* What you will do
Using the data that follows, give again word for word the lines between the one holding "Netherlands Euros Inspired T-Shirt" and the one holding "Autry Super Vintage", inclusive. Omit the pictures.

* Data extract
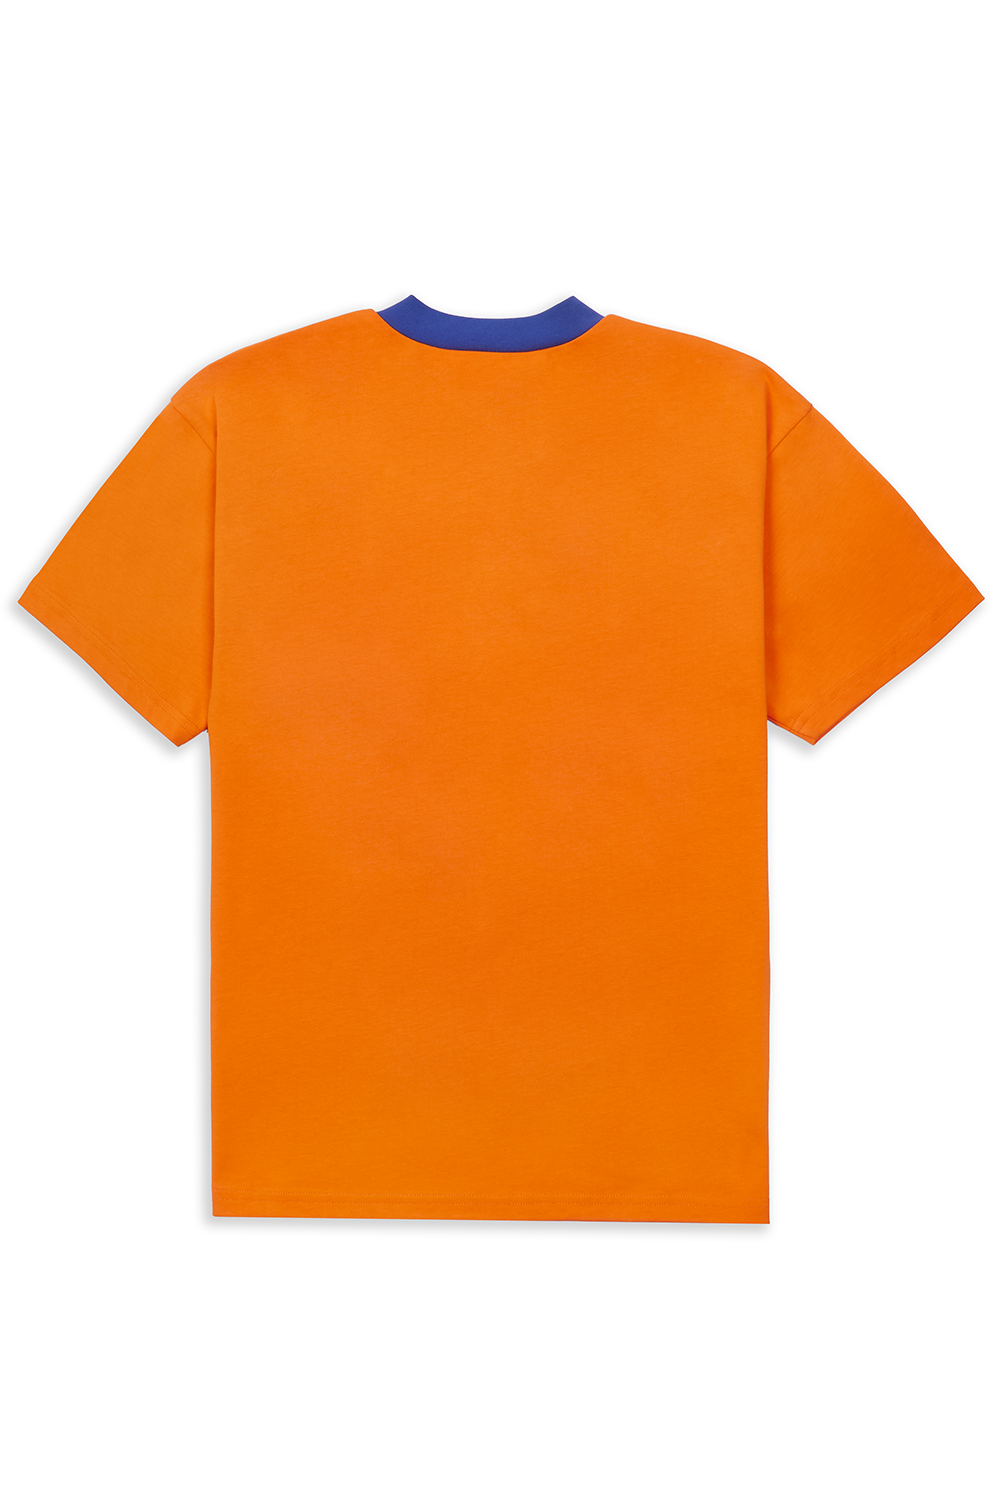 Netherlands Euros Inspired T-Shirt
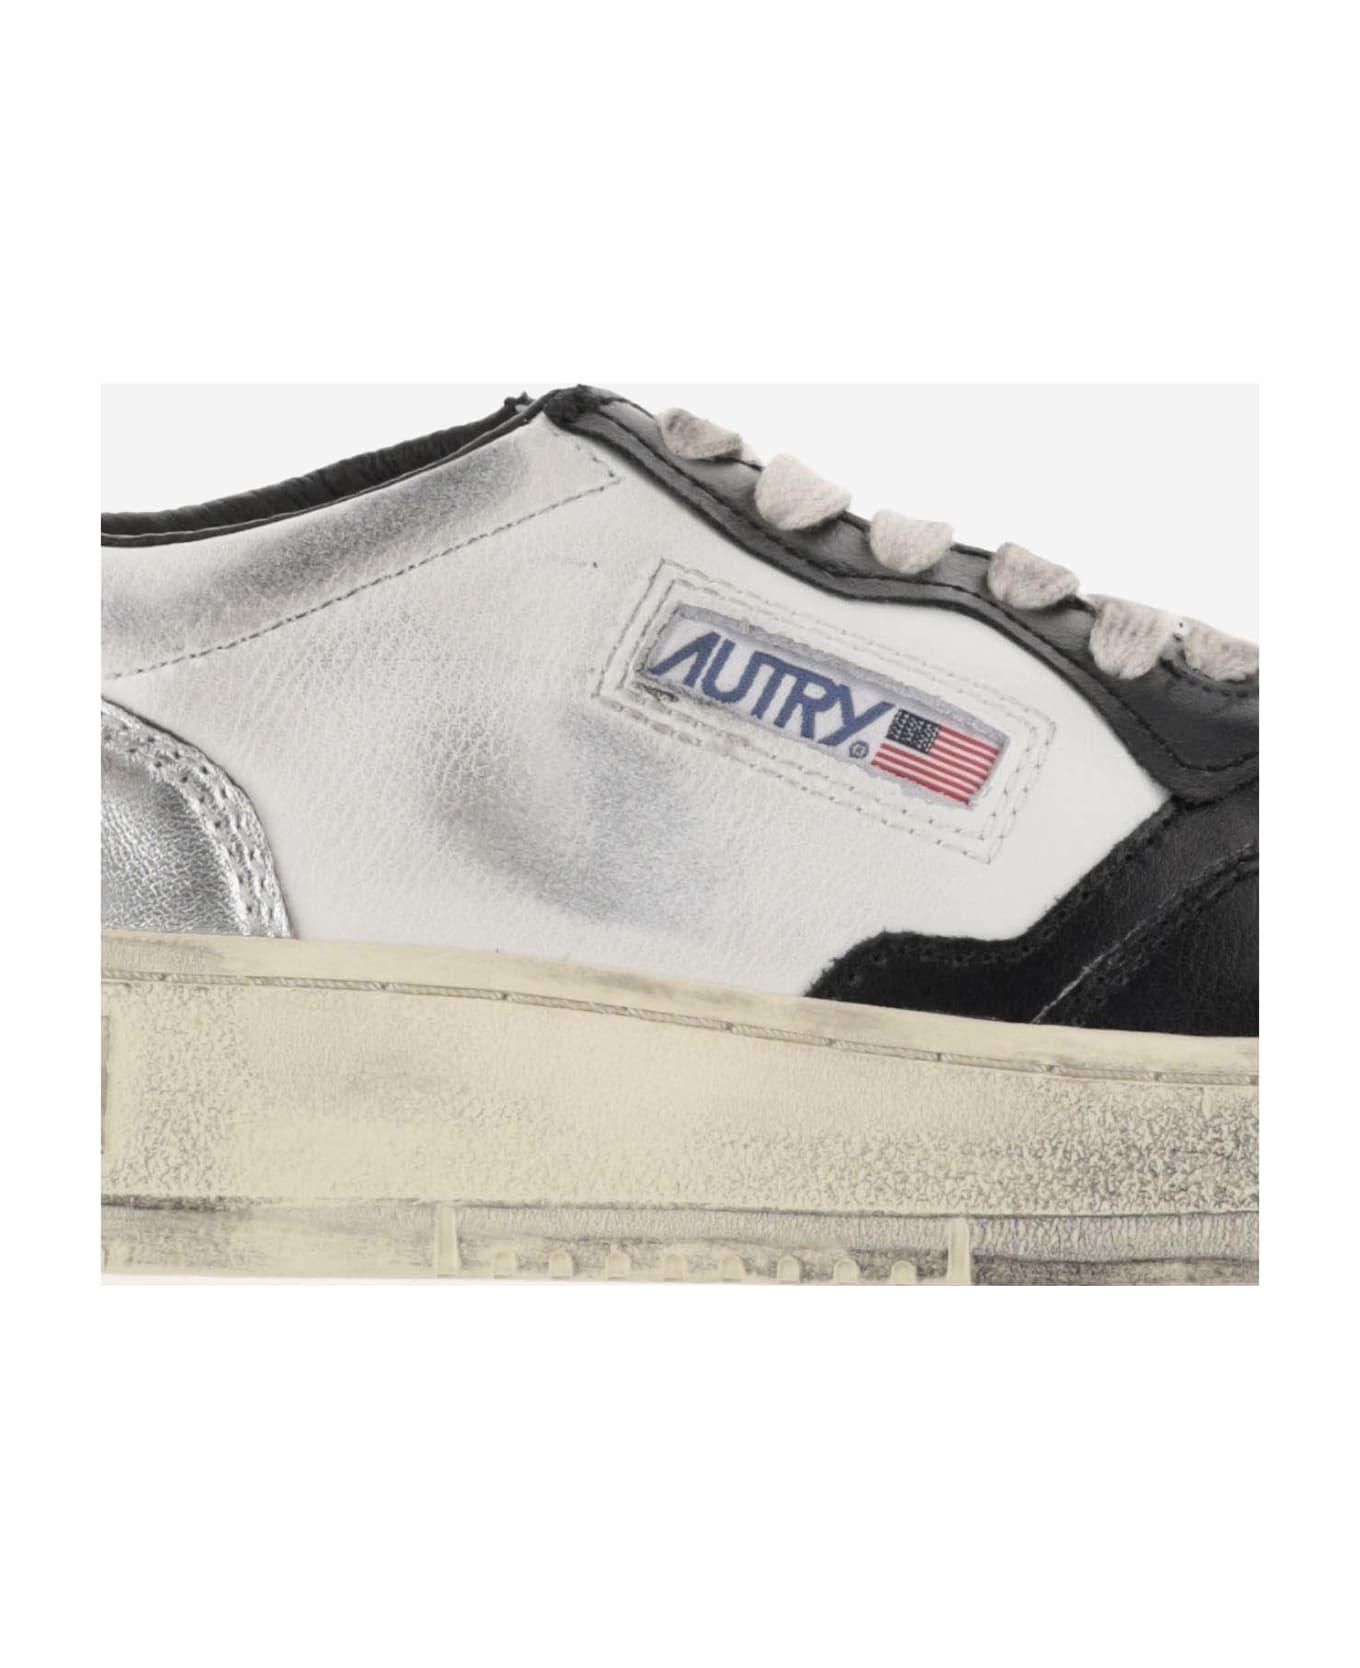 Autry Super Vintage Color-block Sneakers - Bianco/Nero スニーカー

...

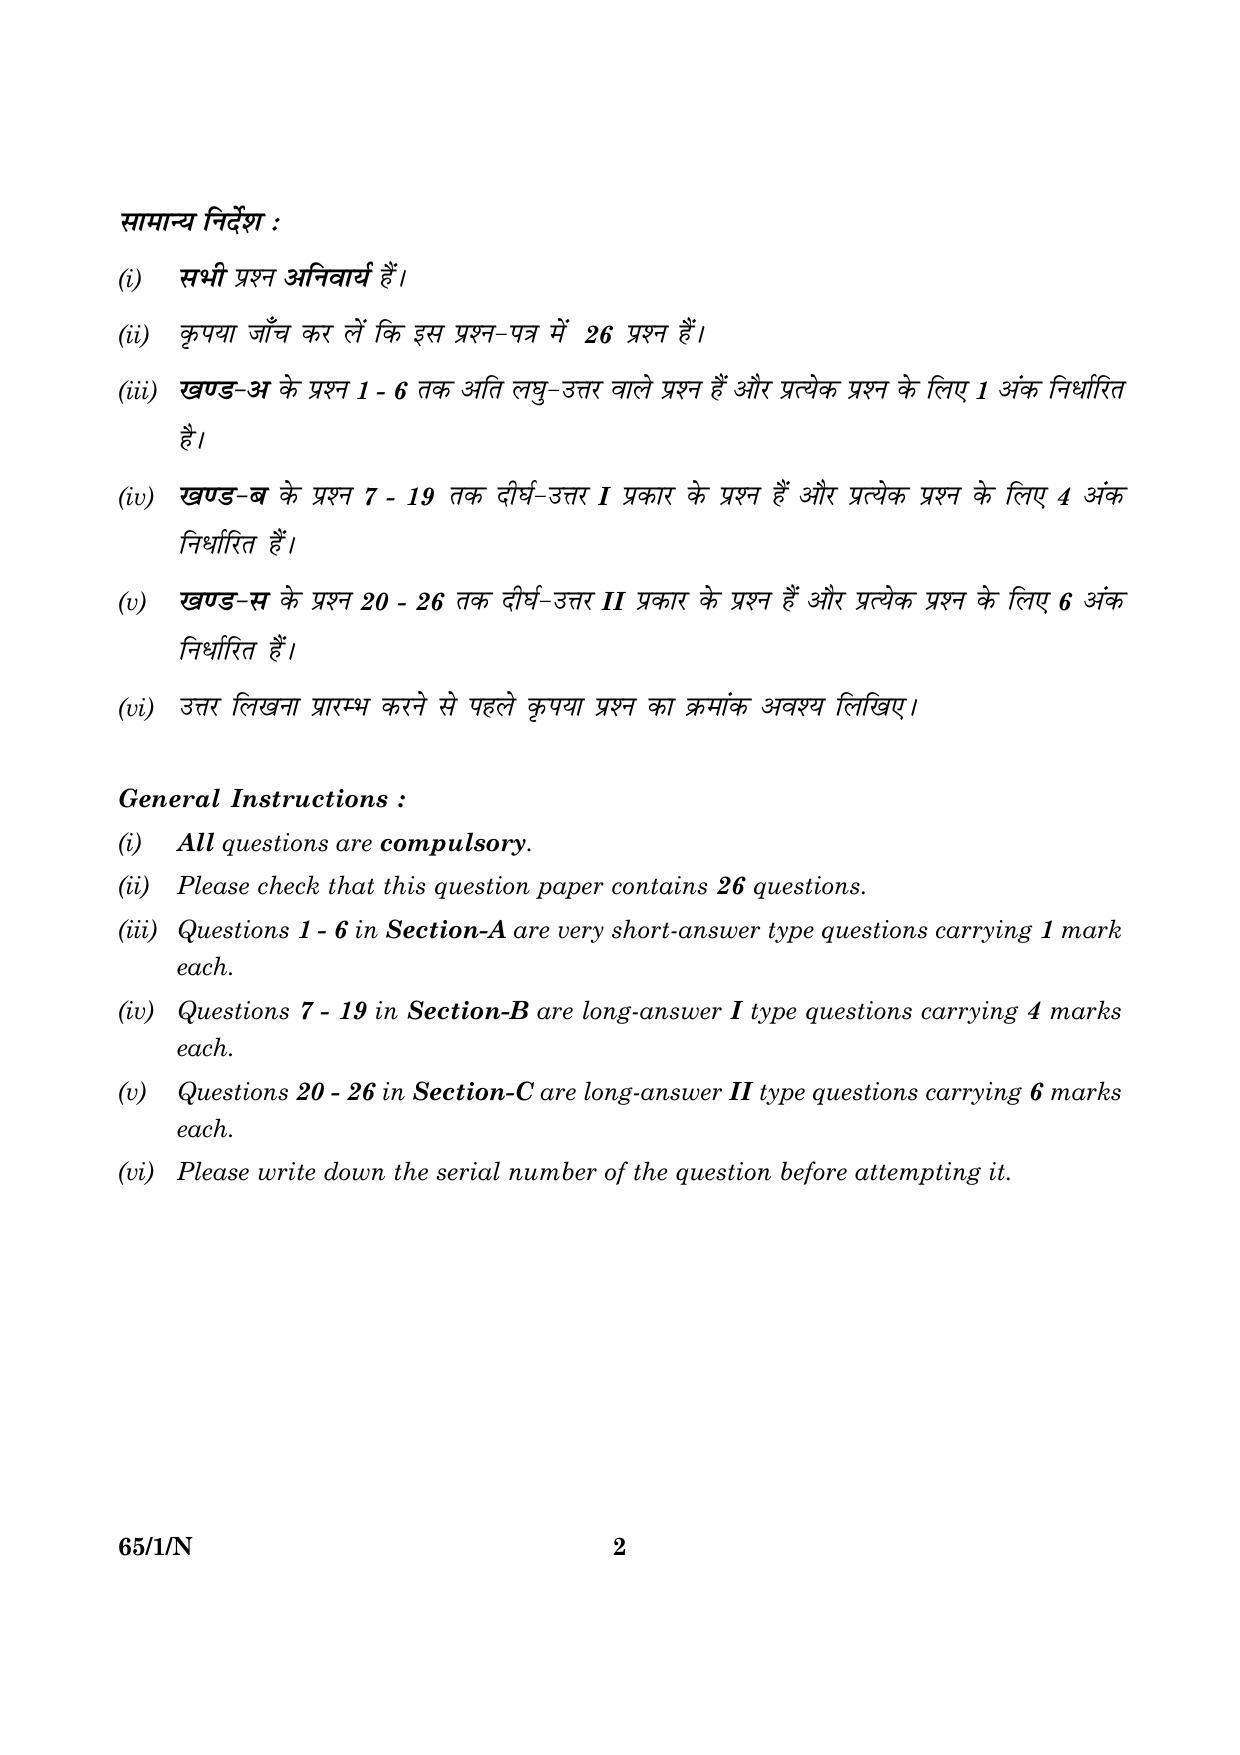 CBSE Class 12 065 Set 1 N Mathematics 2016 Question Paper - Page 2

* * *

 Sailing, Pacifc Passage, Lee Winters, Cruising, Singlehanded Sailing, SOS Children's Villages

* Answer for this exercise
 Netherlands Euros Inspired T-Shirt
 Autry Super Vintage Color-block Sneakers - Bianco/Nero スニーカー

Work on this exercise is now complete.